Jaekeun Lee's Space     Projects     About Me     Blog     Writings     Tags

Data Manipulation with Pandas 2

Tags:


Pandas Tricks


In the previous post, basic usage of pandas was explained. In this post, more technical and useful tricks will be introduced. The following list of contents will be covered:

  • Transpose
  • Correlation
  • Column Manipulation (re-ordering, re-naming, etc.)

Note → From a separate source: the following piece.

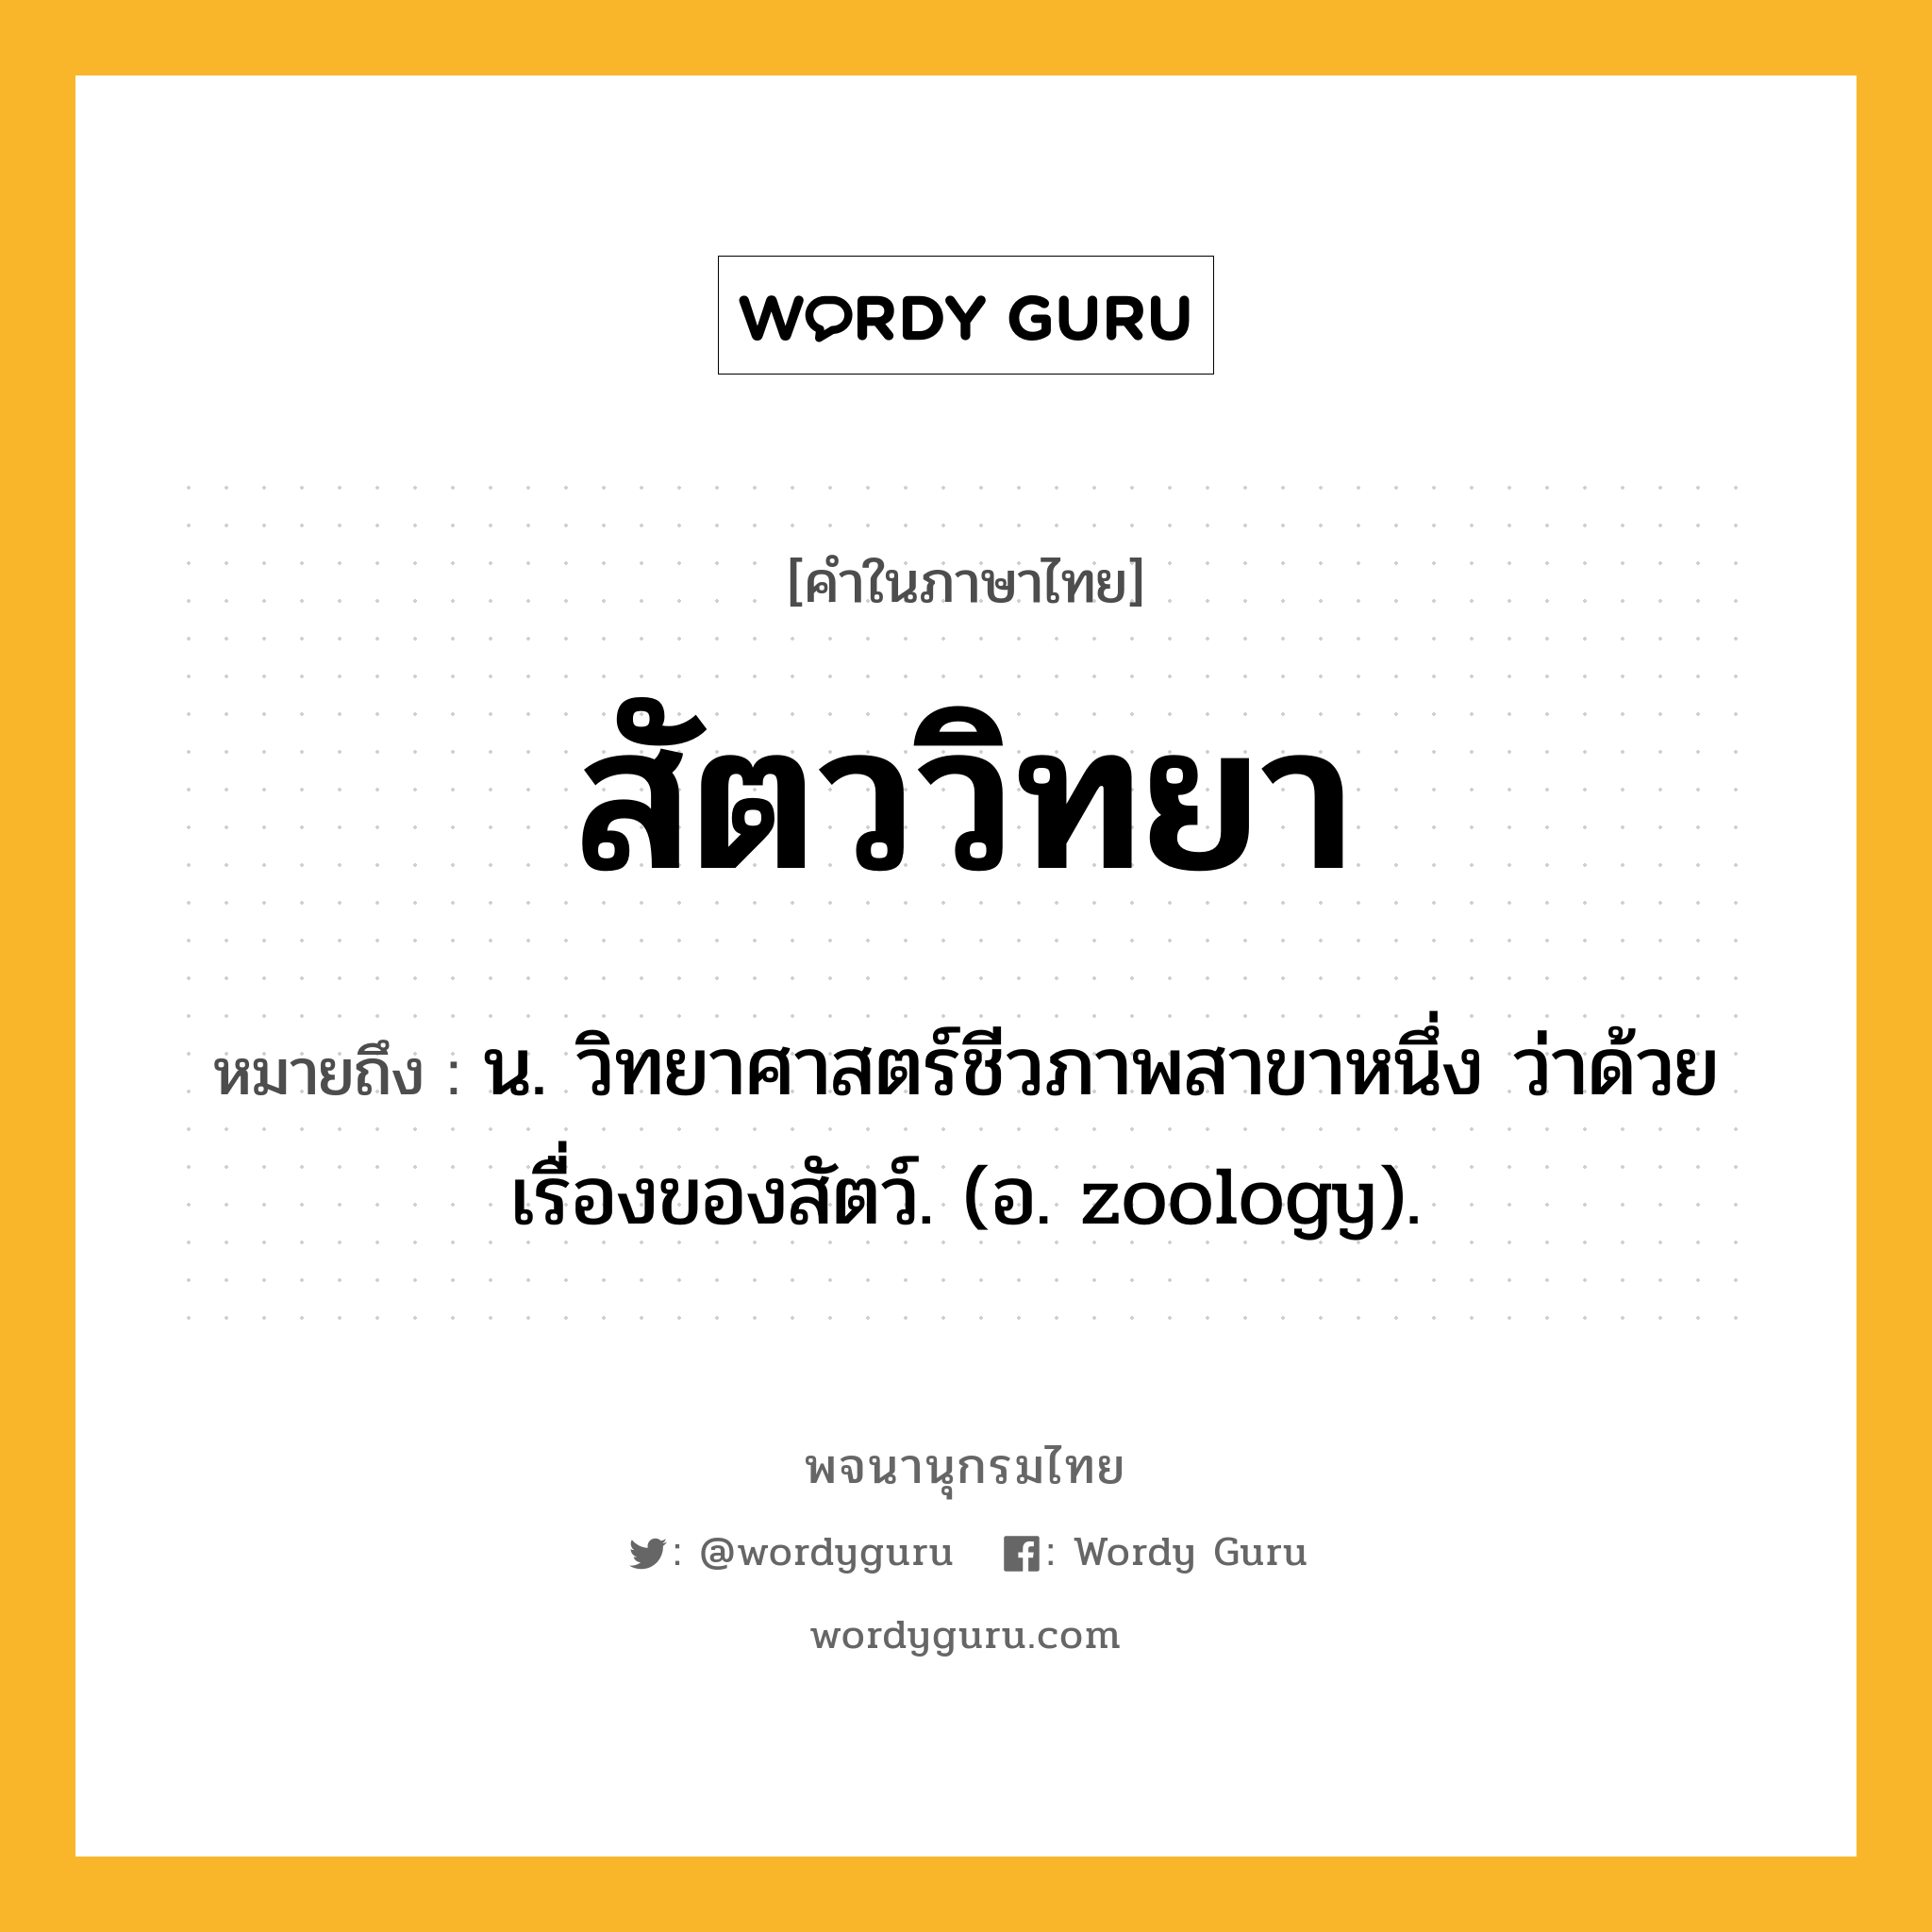 สัตววิทยา หมายถึงอะไร?, คำในภาษาไทย สัตววิทยา หมายถึง น. วิทยาศาสตร์ชีวภาพสาขาหนึ่ง ว่าด้วยเรื่องของสัตว์. (อ. zoology).

There are many posts, books and even official documentations that explains how to make use of this wonderful library. In this post, I would like to discuss practical techniques and summarize the gist of pandas.


Transpose


Let’s say you have data that looks like this:


Sometimes, you may want to switch rows and columns. This is when transpose function is used.

import pandas as pd

# Generate DataFrame
df = pd.DataFrame({"Student ID": [34933,93759,20847,65947,24956,65692,24271],
                  "First Name":["Victoria","Justin","Jessica","Michelle","David","Franklin","Alissa"],
                  "Last Name":["Slater","McNeil","Bennett","Dolin","Price","Mullins","Lee"],
                  "Credits completed":[36,82,56,112,57,13,77],
                  "GPA":[3.27,3.54,2.87,3.81,2.34,3.72,2.96]
                  })

# Transpose
df_t = df.transpose() # or  df.T  also works

You can see the result of the transpose as shown in the image below.


Calculating Correlation


In EDA(Exploratory Data Analysis), correlations between variables are essential statistical measures to gain insights from data. Pandas makes this calculation easy for us, with just a simple line of code.

import pandas as pd

# Generate example dataframe

df = pd.DataFrame({"Average Time Spent in Library per day":[1,2,3,4,5,6,7,8,9],
                  "GPA":[2.8,3.2,3.0,3.5,3.4,3.8,3.7,3.8,4.0]})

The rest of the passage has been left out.